Thus, so far as the abstractive sets of events are concerned, an abstractive set converges to nothing. There is the set with its members growing indefinitely smaller and smaller as we proceed in thought towards the smaller end of the series; but there is no absolute minimum of any sort which is finally reached. In fact the set is just itself and indicates nothing else in the way of events, except itself. But each event has an intrinsic character in the way of being a situation of objects and of having parts which are situations of objects and—to state the matter more generally—in the way of being a field of the life of nature. This character can be defined by quantitative expressions expressing relations between various quantities intrinsic to the event or between such quantities and other quantities intrinsic to other events. In the case of events of considerable spatio-temporal extension this set of quantitative expressions is of bewildering complexity. If e be an event, let us denote by q(e) the set of quantitative expressions defining its character including its connexions with the rest of nature. Let e₁, e₂, e₃, etc. be an abstractive set, the members being so arranged that each member such as e_n extends over all the succeeding members such as e_n+1, e_n+2 and so on. Then corresponding to the series

e₁, e₂, e₃, …, e_n, e_n+1, …,

there is the series

q(e₁), q(e₂), q(e₃), …, q(e_n), q(e_n+1), ….
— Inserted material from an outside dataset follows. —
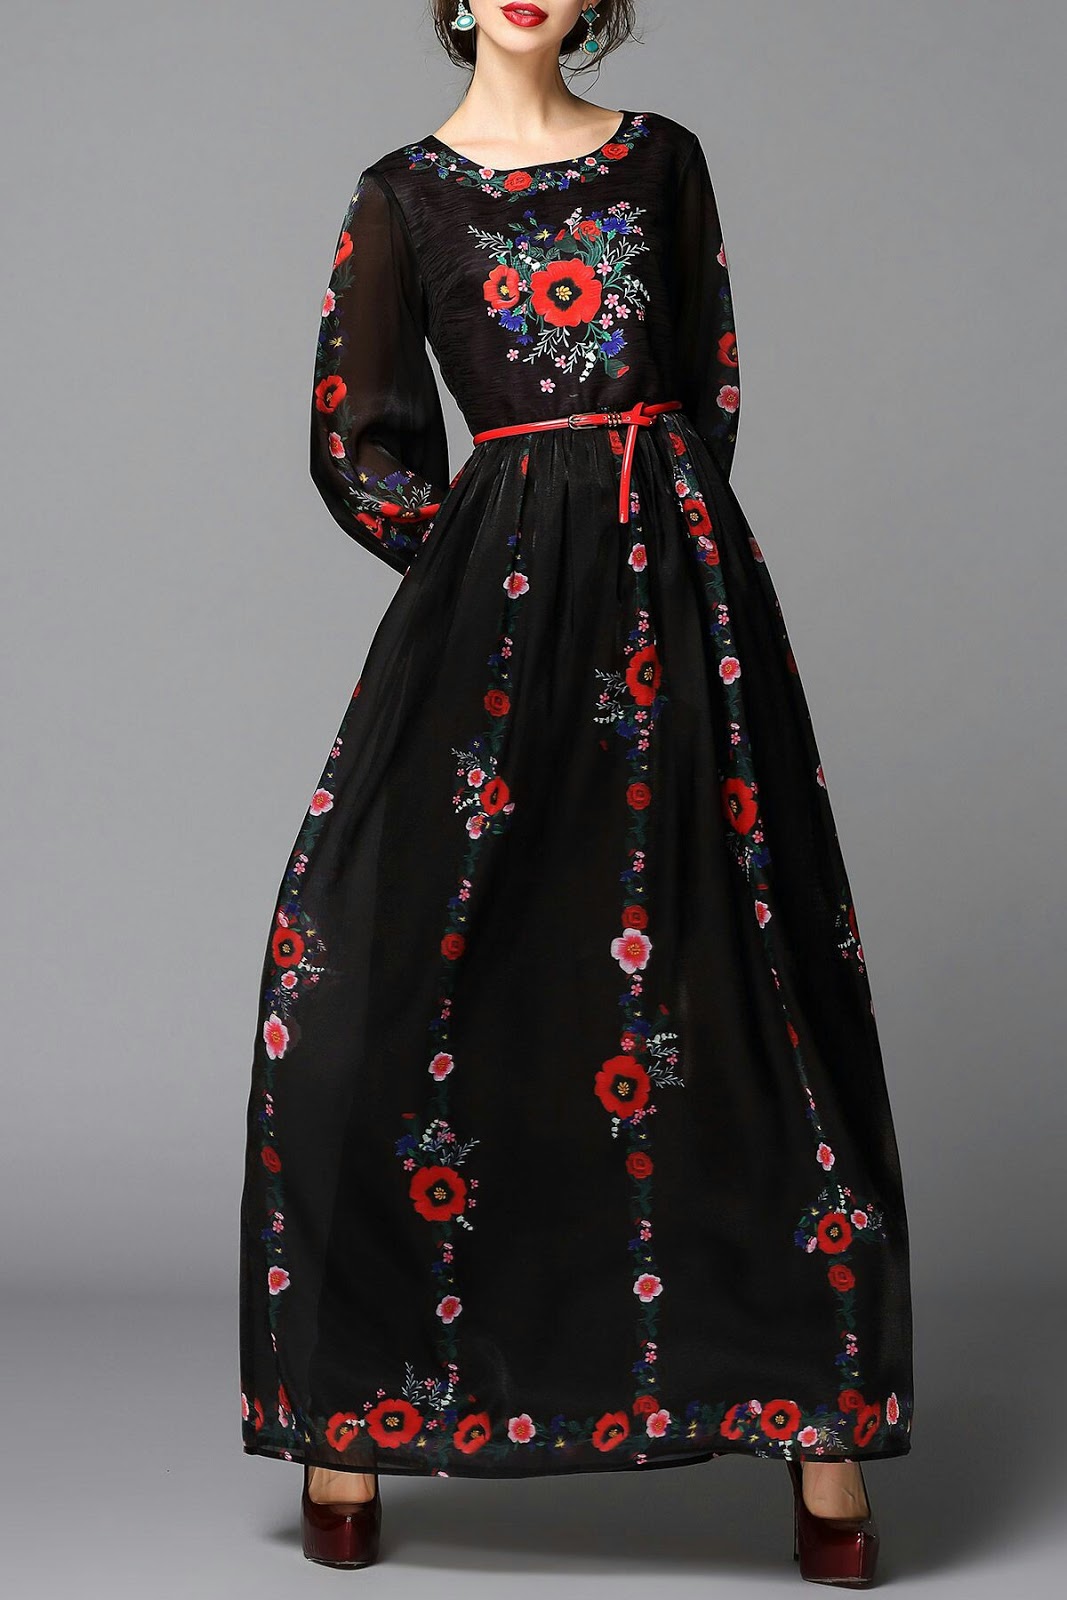 Fαshiση Gαlαxy 98 ☯: Floral printed long dress

Call the series of events s and the series of quantitative expressions q(s). The series s has no last term and no events which are contained in every member of the series. Accordingly the series of events converges to nothing. It is just itself. Also the series q(s) has no last term. But the sets of homologous quantities running through the various terms of the series do converge to definite limits. For example if Q₁ be a quantitative measurement found in q(e₁), and Q₂ the homologue to Q₁ to be found in q(e₂), and Q₃ the homologue to Q₁ and Q₂ to be found in q(e₃), and so on, then the series

Q₁, Q₂, Q₃, …, Q_n, Q_n+1, …,

though it has no last term, does in general converge to a definite limit. Accordingly there is a class of limits l(s) which is the class of the limits of those members of q(e_n) which have homologues throughout the series q(s) as n indefinitely increases. We can represent this statement diagrammatically by using an arrow (→) to mean ‘converges to.’ Then

e₁, e₂, e₃, …, e_n, e_n+1, … → nothing,

and

q(e₁), q(e₂), q(e₃), …, q(e_n), q(e_n+1), … → l(s).